En raison de l’histoire récente du récif, il présente une opportunité unique d’examiner la réponse à la vague de chaleur, ont indiqué les chercheurs.
En 2010, une étoile de mer couronne d’épines et un cyclone ont détruit plus de 99 % des coraux, appuyant ainsi sur le bouton de réinitialisation du récif. Les coraux se sont rétablis et ont traversé des vagues de chaleur relativement mineures en 2016 et 2017 avant de connaître la vague de chaleur marine la plus grave jamais enregistrée dans la région entre décembre 2018 et juillet 2019.
La deuxième vague de chaleur la plus grave a rapidement suivi, entre février et juillet 2020.
« Nous avons observé que certaines espèces de coraux semblent se souvenir de leur exposition aux vagues de chaleur marines passées et maintenir un niveau de santé plus élevé lors des vagues de chaleur ultérieures », a déclaré Vega Thurber. « Et la réponse mnésique d’Acropora retusa était fortement liée aux changements dans son microbiome, ce qui conforte l’idée selon laquelle la communauté microbienne joue un rôle dans ce processus. »
Les coraux de chou-fleur du genre Pocillopora sont restés en bonne santé pendant les épisodes de chaleur, et leurs microbiomes ont également montré une réponse de mémoire écologique, a-t-elle noté.
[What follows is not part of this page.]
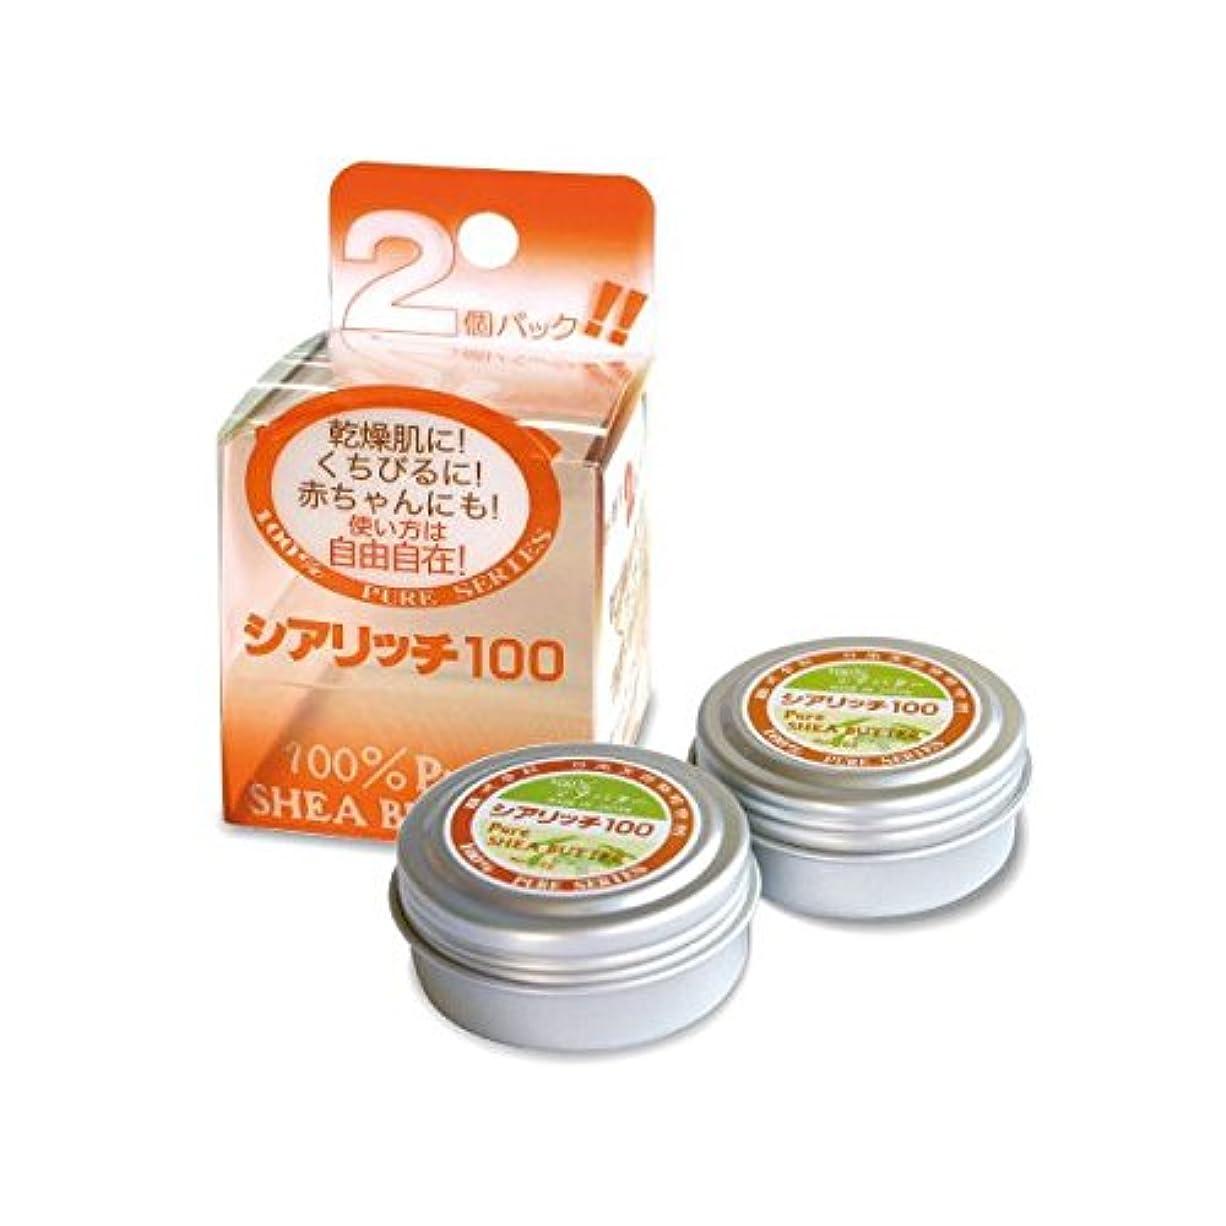 ロードブロッキングデータベース対立日本天然物研究所 シアリッチ100 (8g×2個入り)【単品】(無添加100%シアバター)無香料

Ils ont été perturbés par la première canicule de 2019 mais ont retrouvé leur état d’avant les perturbations malgré la deuxième canicule de 2020.
« Les membres des communautés microbiennes coralliennes ont des caractéristiques biologiques uniques qui les rendent plus adaptables et plus réactifs aux changements environnementaux : des cycles de génération courts, des populations de grande taille et un potentiel métabolique diversifié », a déclaré Vega Thurber. « Chez deux des trois espèces de coraux sur lesquelles nous nous sommes concentrés, nous avons identifié la résilience initiale du microbiome, l’acclimatation de l’hôte et du microbiome, ou développé une résistance du microbiome à un stress thermique répété. Ces deux derniers modèles sont cohérents avec le concept de mémoire écologique. »
D’autres chercheurs de l’État de l’Oregon impliqués dans la recherche étaient Thomas Sharpton, Hannah Epstein et Emily Schmeltzer. Sharpton est professeur agrégé de microbiologie et de statistiques ; Epstein était chercheur postdoctoral pendant l’étude et est maintenant maître de conférences à l’Université d’Essex ; Schmeltzer, doctorant dans le laboratoire de Vega Thurber, est diplômé et travaille comme biologiste à l’US Geological Survey.
La Fondation Gordon et Betty Moore a également soutenu cette recherche.